Two other defendants were sentenced to life in prison for their roles in the 1987-88 crackdown, known as Operation Anfal. A sixth defendant was acquitted for lack of evidence. Death sentences are automatically appealed.

The verdicts were handed down at the end of a trial that began last Aug. 21. Witnesses testified that Iraqi government forces indiscriminately attacked women and children, burned crops, killed livestock and rounded up civilians into detention camps in a campaign to exterminate the restive Kurdish minority.

“Now, I bring my family good news that Chemical Ali is to be hanged for killing them, thus their spirits will rest in peace,” said Kamal Hawramani, 37.

For many Kurds, the joy over the verdicts was tempered by the fact that the main defendant – Hussein – had gone to the gallows before the Anfal trial was completed. The ousted president was hanged Dec. 30 for his role in the deaths of more than 140 Shiite Muslims in Dujayl.

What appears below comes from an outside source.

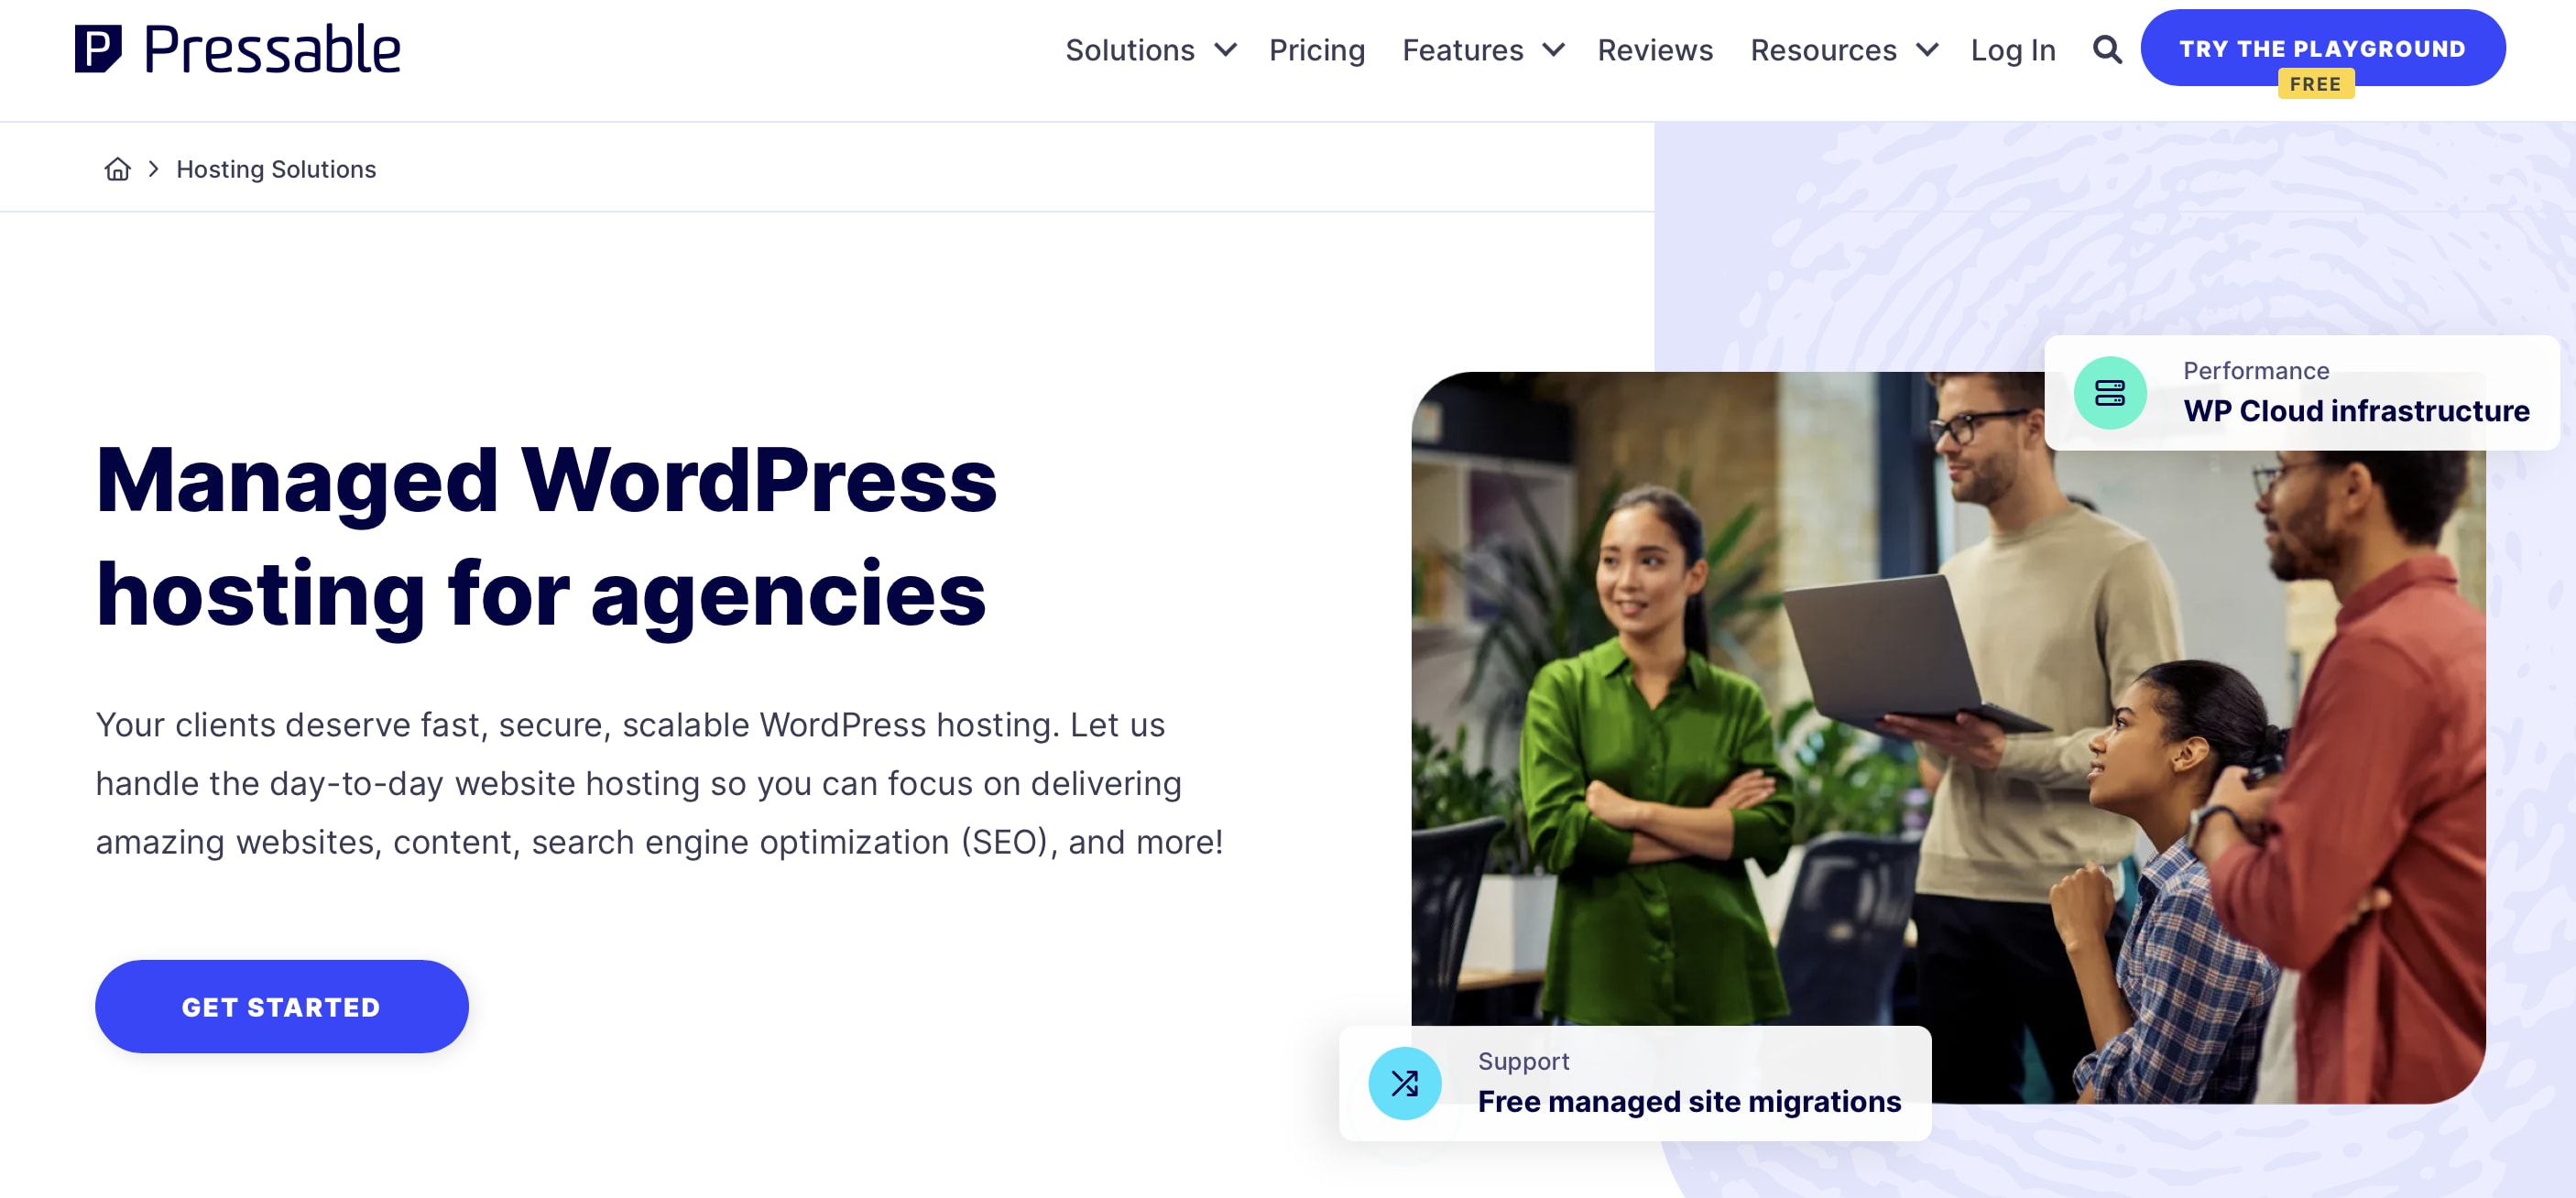 Pressable WordPress hosting for agencies.

The defendants insisted they were defending the nation against Kurdish guerrillas who had sided with Iran during the bloody eight-year war.

Also sentenced to death were Sultan Hashim Ahmad al-Tai, the former defense minister who led the Iraqi delegation at the cease-fire talks that ended the 1991 Gulf War, and Hussein Rashid Mohammed, a former deputy director of operations for the Iraqi armed forces.